Because basketball was her passion, it naturally became her father's, too. From her third-grade year through college, Mitch never missed a game. To s day, he can recite what she did in all the big contests. He also became deeply involved as a coach and a major financial sponsor of basketball programs in the area. He built Erika a mini-court in the garage and spent hour after hour rebounding for her.

By all accounts, though, he only followed her lead. No one accuses him of pushing her beyond either her abilities or her interest level, and no one suggests that he was anything other than a supportive, if avid, fan in the stands.

Erika pushed herself plenty. Coaches describe her as relentless in her efforts to improve her game. Every day after practice at school, she would return home to take 300 three-point shots, 100 foul shots and 100 field goals. "She had to hit a foul shot, a lay-up and a '3' in a row before she would come in for dinner," Mitch says.

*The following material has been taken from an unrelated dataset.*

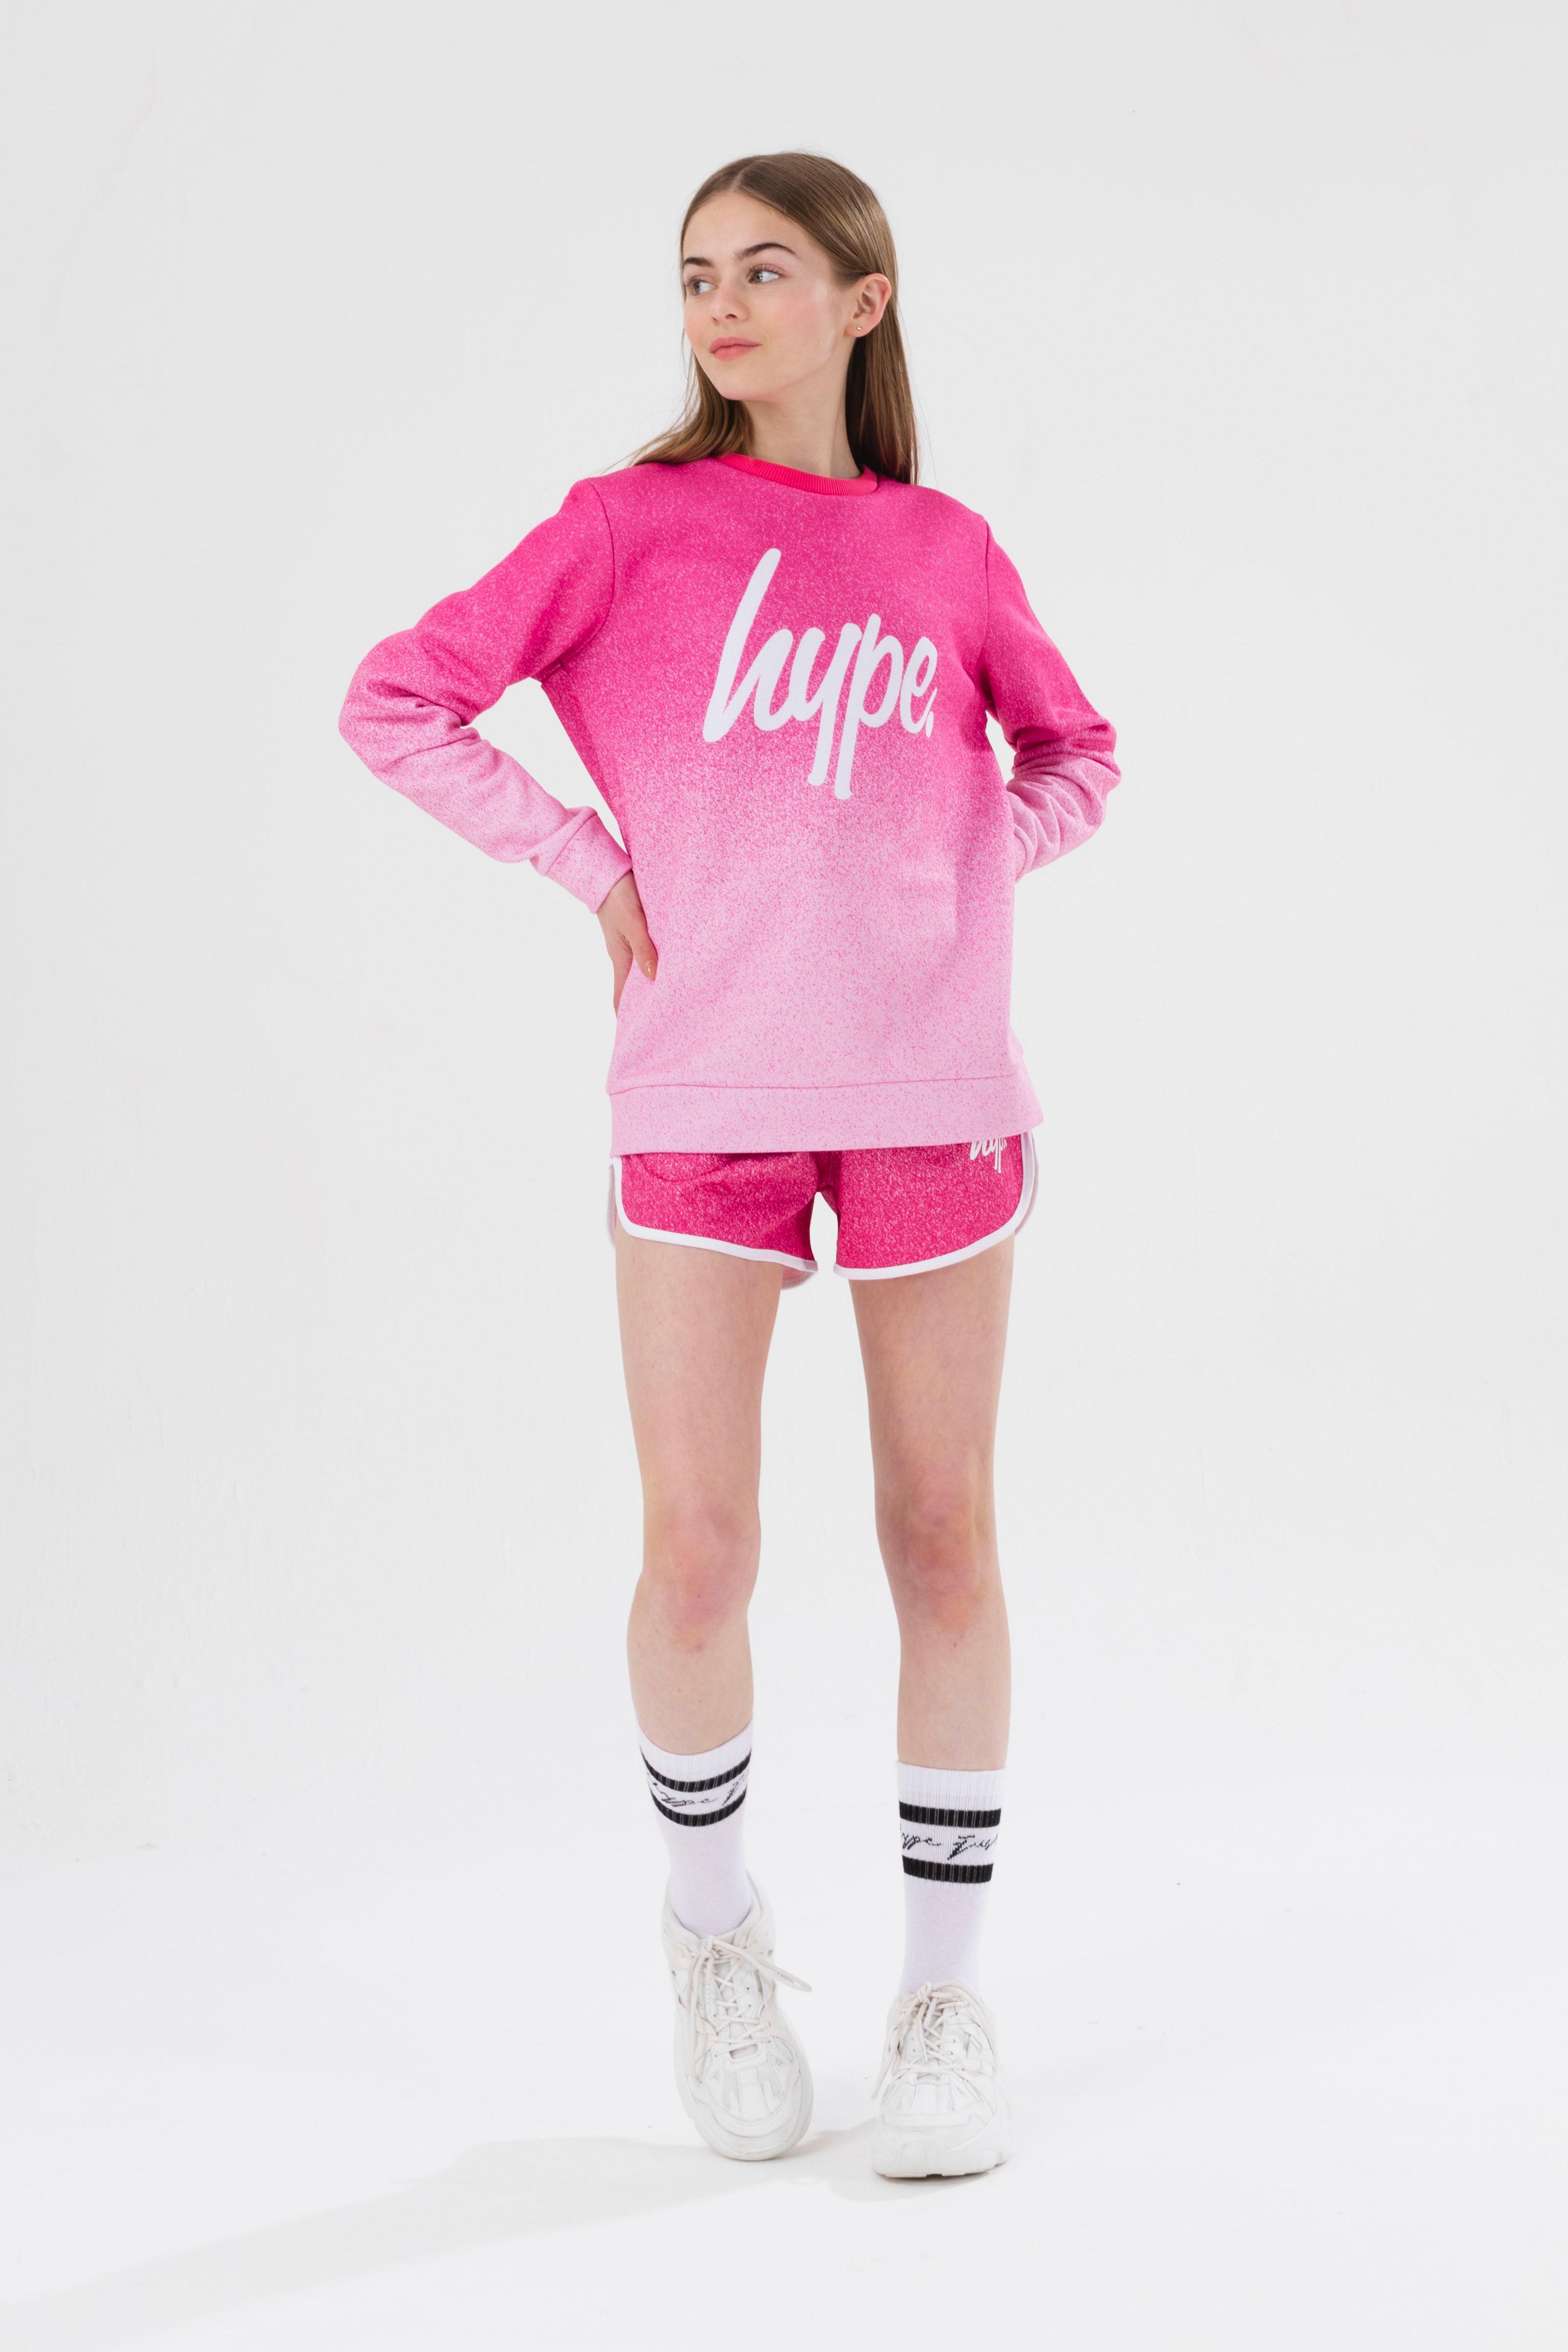 Alternate View 1 of HYPE GIRLS PINK SPECKLE FADE SCRIPT CREW NECK

In her ninth-grade year, Tom Goss, the Central High coach, began the season with only eight players on his varsity roster. To fill out the team, he elected to bring up five players from the junior high team, including Erika. Chagrined by the raid on his team, the junior high coach quit, and Goss replaced him with Mitch Grace.

There were complaints that Erika had received preferential treatment because of Mitch. Parents of some players groused about her playing time, and a few teammates sniped at her. "She would come home from practice crying," Mitch says. "She couldn't wait for me to pick her up."

Goss was aware of the resentment, but denied being influenced by Mitch. As for Erika, Goss says, "I actually gave his daughter less time than she deserved. She didn't start, and she was probably better than one of the kids who did."

That year, Central High went farther in the state tournament than it ever had. But the controversy didn't subside. The school board ordered Goss to fire Mitch. For a week in June 1993, it was the lead story in the Altoona sports section. Erika, all of 15 years old, was always mentioned in the stories, tainted like an unindicted co-conspirator.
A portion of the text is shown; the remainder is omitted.